◆ WHAT IS NEEDED: Each line of data below is to be returned exactly, leaving out any picture.

+++ RECORDED INFORMATION +++

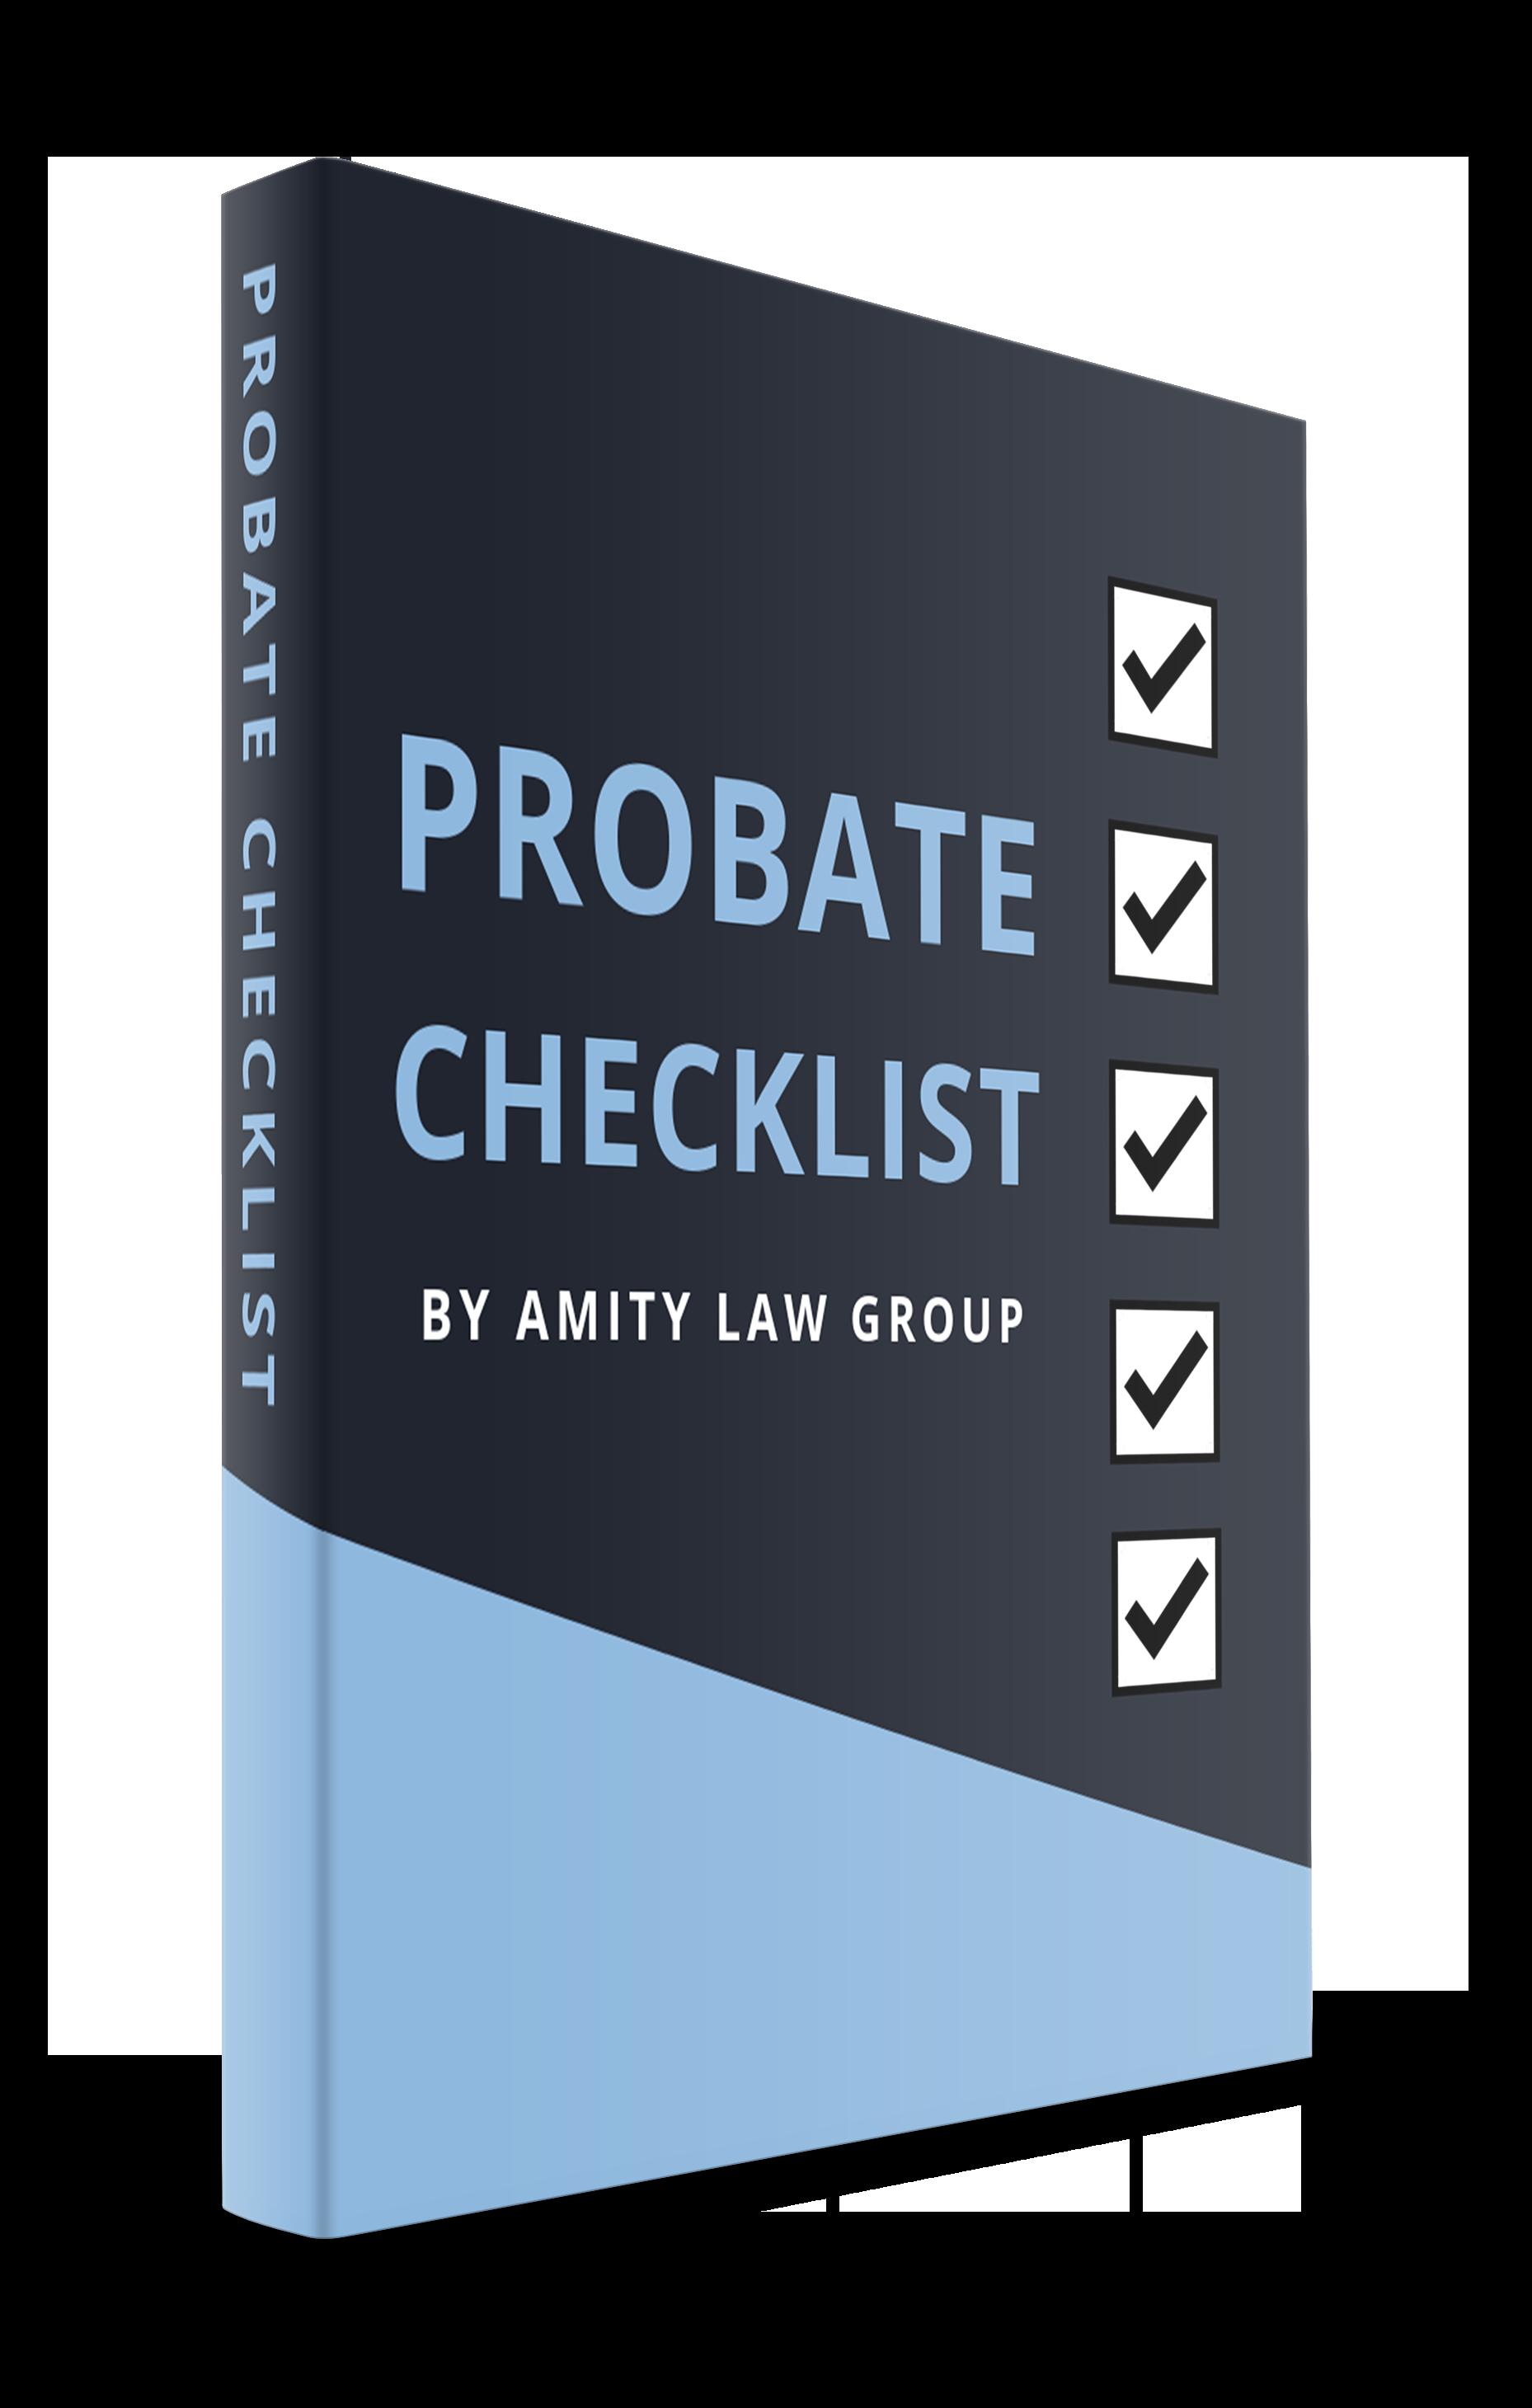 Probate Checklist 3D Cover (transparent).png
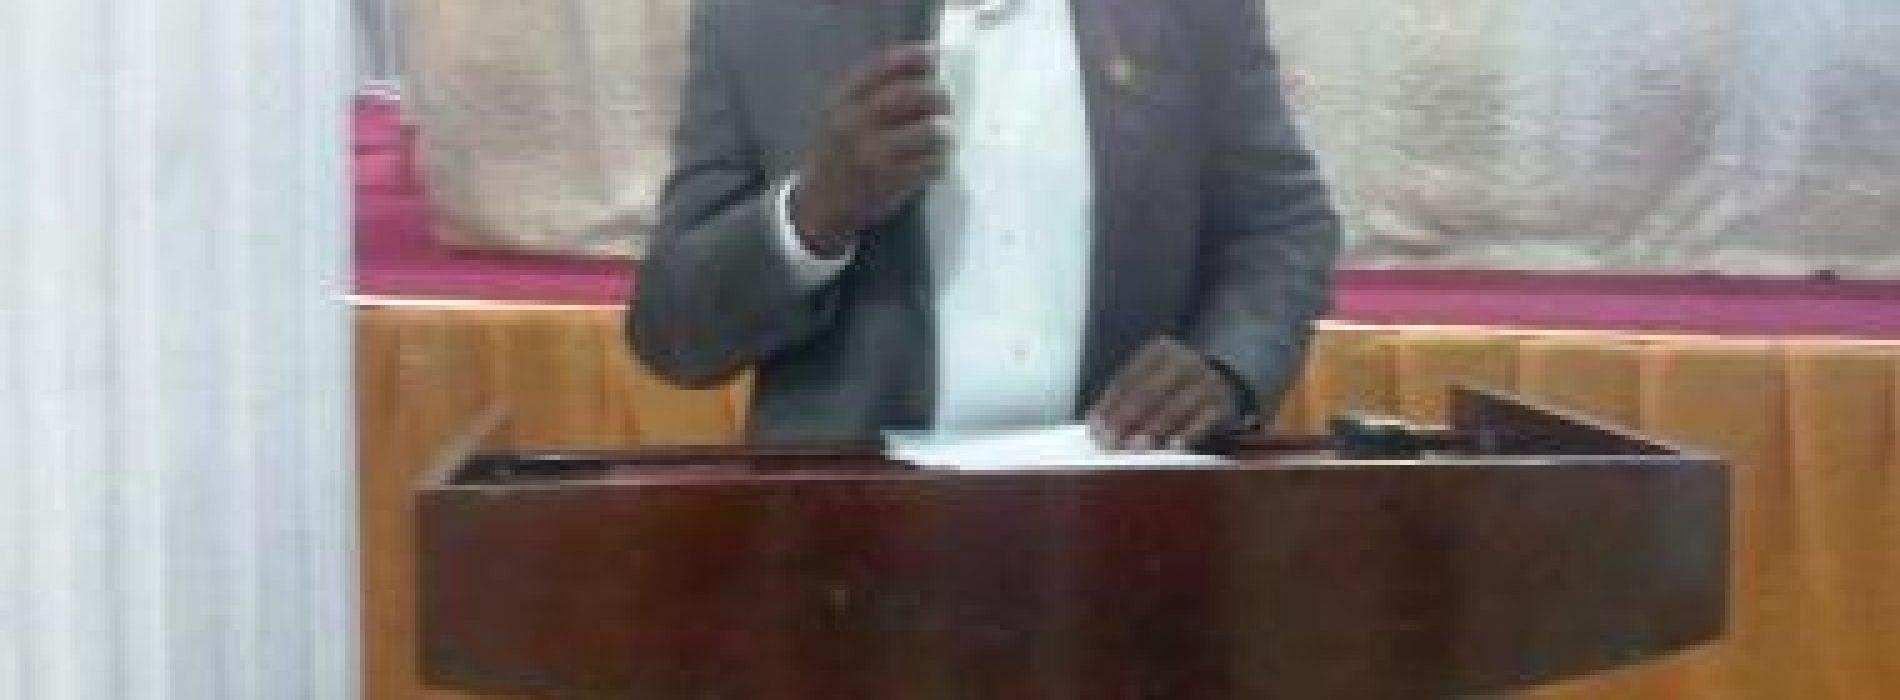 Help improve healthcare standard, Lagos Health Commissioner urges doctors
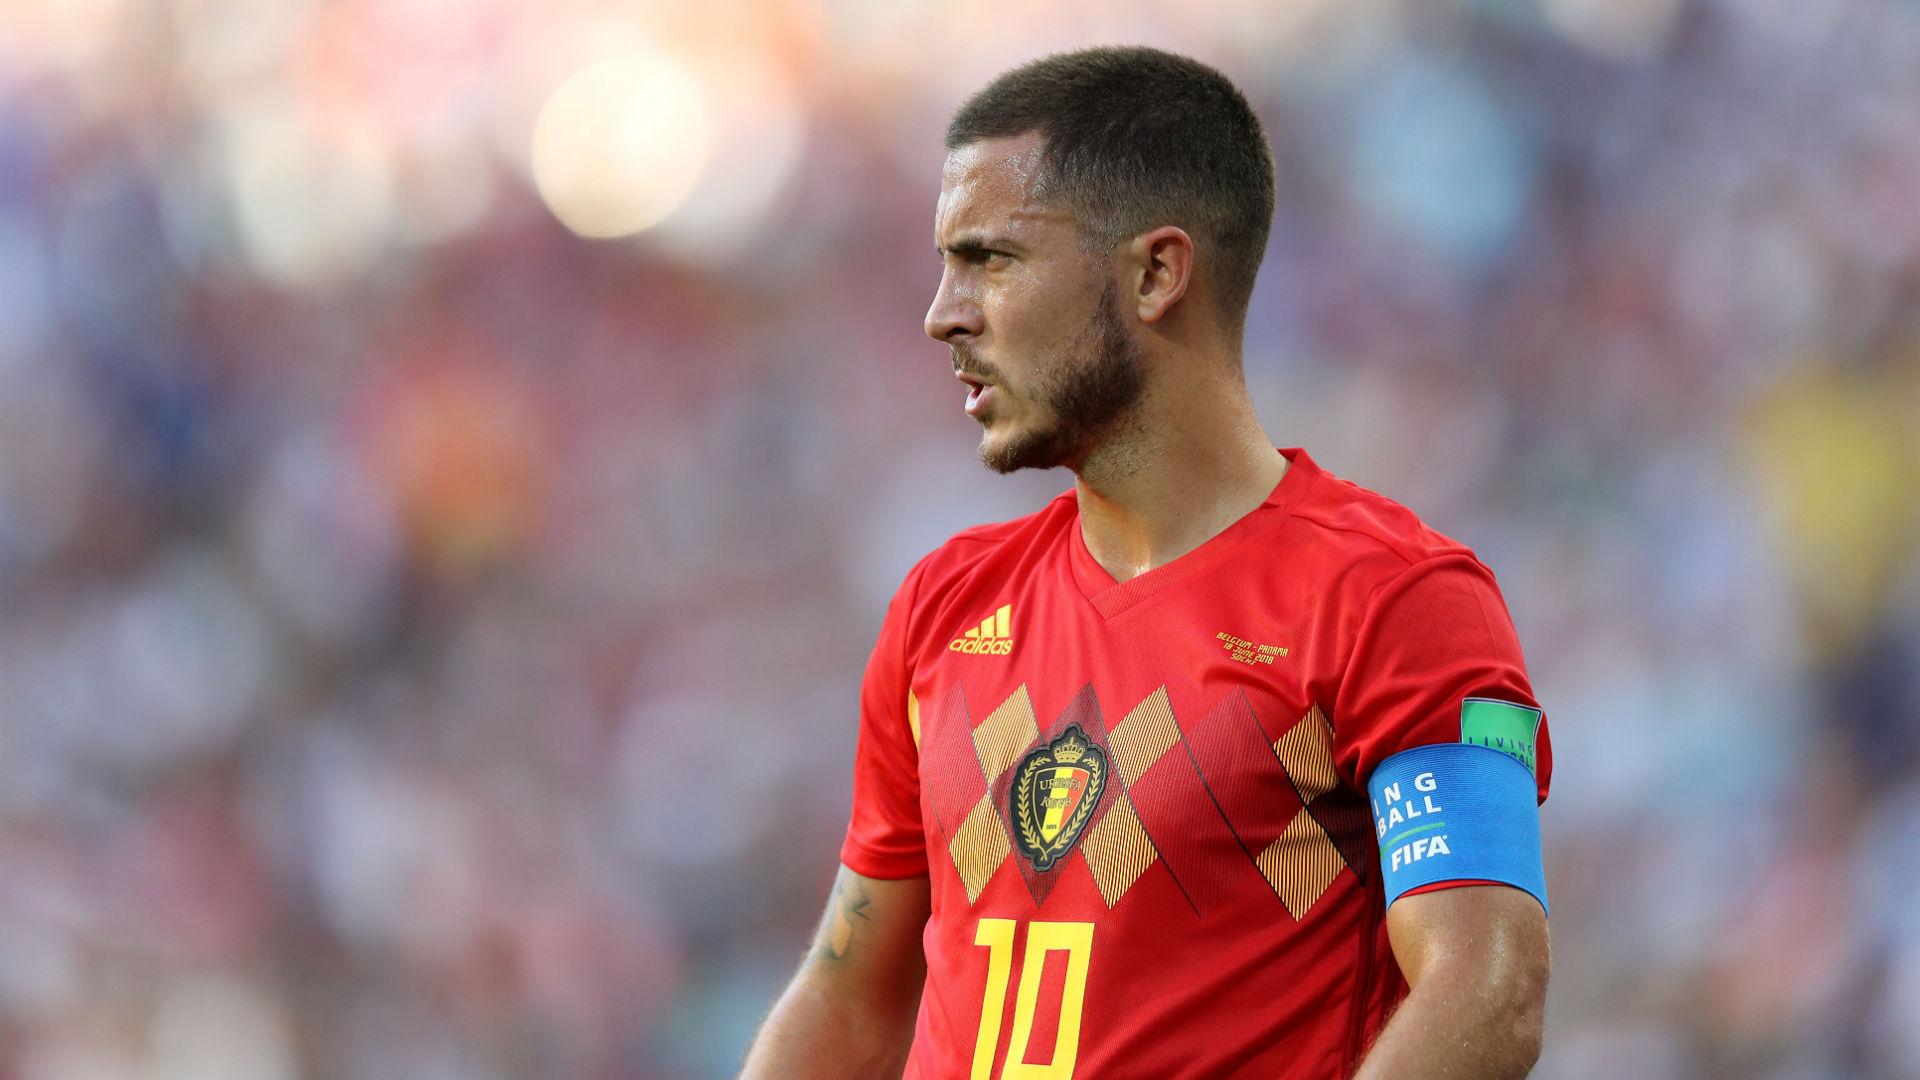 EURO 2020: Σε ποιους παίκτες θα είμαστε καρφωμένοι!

+++

◆ ANSWER SECTION:
 Probate Checklist 3D Cover (transparent).png
 Help improve healthcare standard, Lagos Health Commissioner urges doctors
 EURO 2020: Σε ποιους παίκτες θα είμαστε καρφωμένοι!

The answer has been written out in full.